DKI Jakarta – Head of Investment Information Mirae Asset Martha Christina memproyeksikan Skala Harga Saham Gabungan (IHSG) akan berada di rentang 6.800 sampai 7.100 pada kuartal II 2025.
Menurutnya, saham sektor perbankan dan juga komoditas masih akan menopang pergerakan IHSG pada kuartal II 2025.
"Sampai Juni 2025 saya rasa level 6.800 sampai 7.100. Kita lihat bilangan target 6.900 itu masih make sense sampai kuartal II-2025," ujar Martha di dalam sela Industri Media Day: May 2025 ke Jakarta, Kamis.
Martha menjelaskan tensi peperangan dagang global utamanya kebijakan tarif impor oleh Amerika Serikat (AS) akan cenderung moderat ke depan atau bukan seagresif ketika penetapan awal.
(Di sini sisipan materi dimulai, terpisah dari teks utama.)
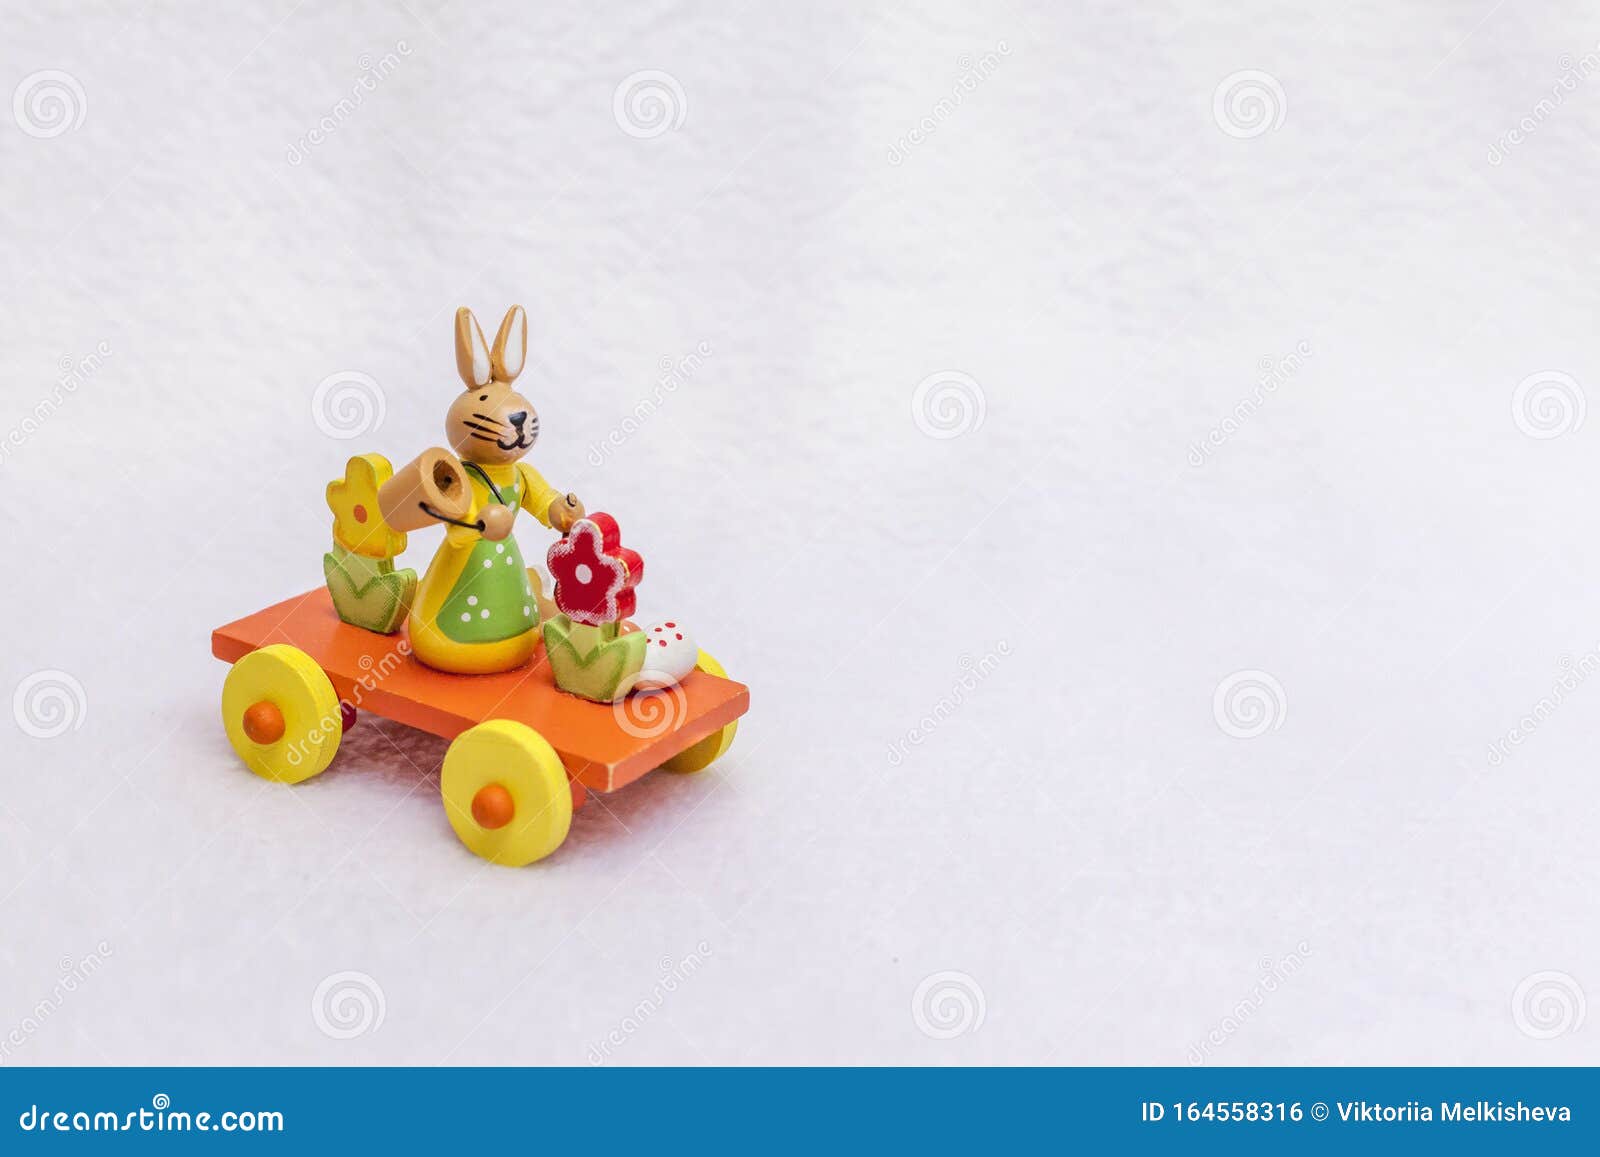 Λαγουδάκι του Πάσχα στο τρένο με ένα αυγό, έναν κουβά και λουλούδια της άνοιξης - ένα ξύλινο παιχνίδι μεταφοράς, ένα φωτεινό πορτ. Λαγουδάκι του Πάσχα στο τρένο με αυγό, κουβά και ελατήρια - ένα ξύλινο παιχνίδι μεταφοράς, ένα φωτεινό πορτοκαλί, κίτρινο, κόκκινο και πράσινο, μια πλατφόρμα με τροχούς από το ρυμουλκούμενο Χαριτωμένη φωτογραφία με χώρο αντιγραφής
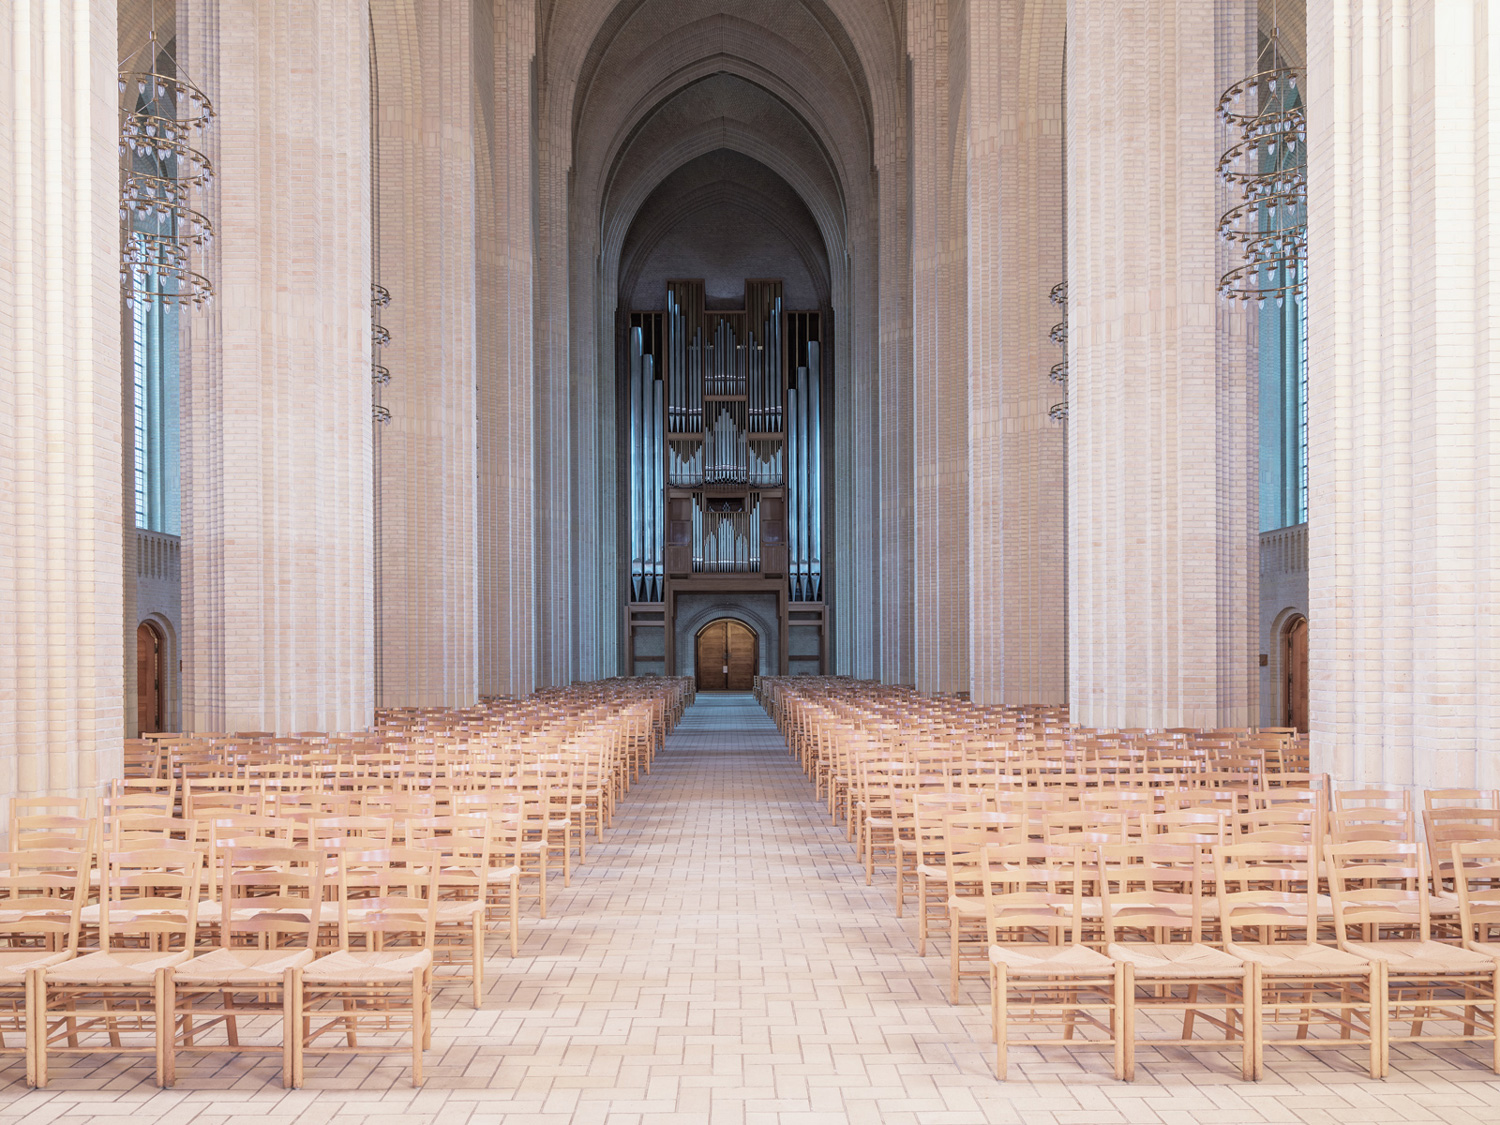 Фотографии величественной церкви в стиле экспрессионизма

Pada akhir pekan lalu, delegasi Amerika Serikat dengan China telah lama bertemu di dalam Geneva, Swiss, yang menghasilkan kembali kesepakatan tarif bahwa Amerika Serikat menurunkan tarif impor China dari 145 persen menjadi 30 persen dan juga China menurunkan tarif impor Amerika Serikat dari 125 persen berubah menjadi 10 persen
"Tarif rasanya sudah ada bukan terlalu banyak hal baru yang tersebut mungkin saja ditunggu oleh market, paling tinggal finalisasinya seperti apa. Mungkin yang akan lebih banyak dinantikan memang benar yang mana besar-besar antara Negeri Paman Sam serupa China," ujar Martha.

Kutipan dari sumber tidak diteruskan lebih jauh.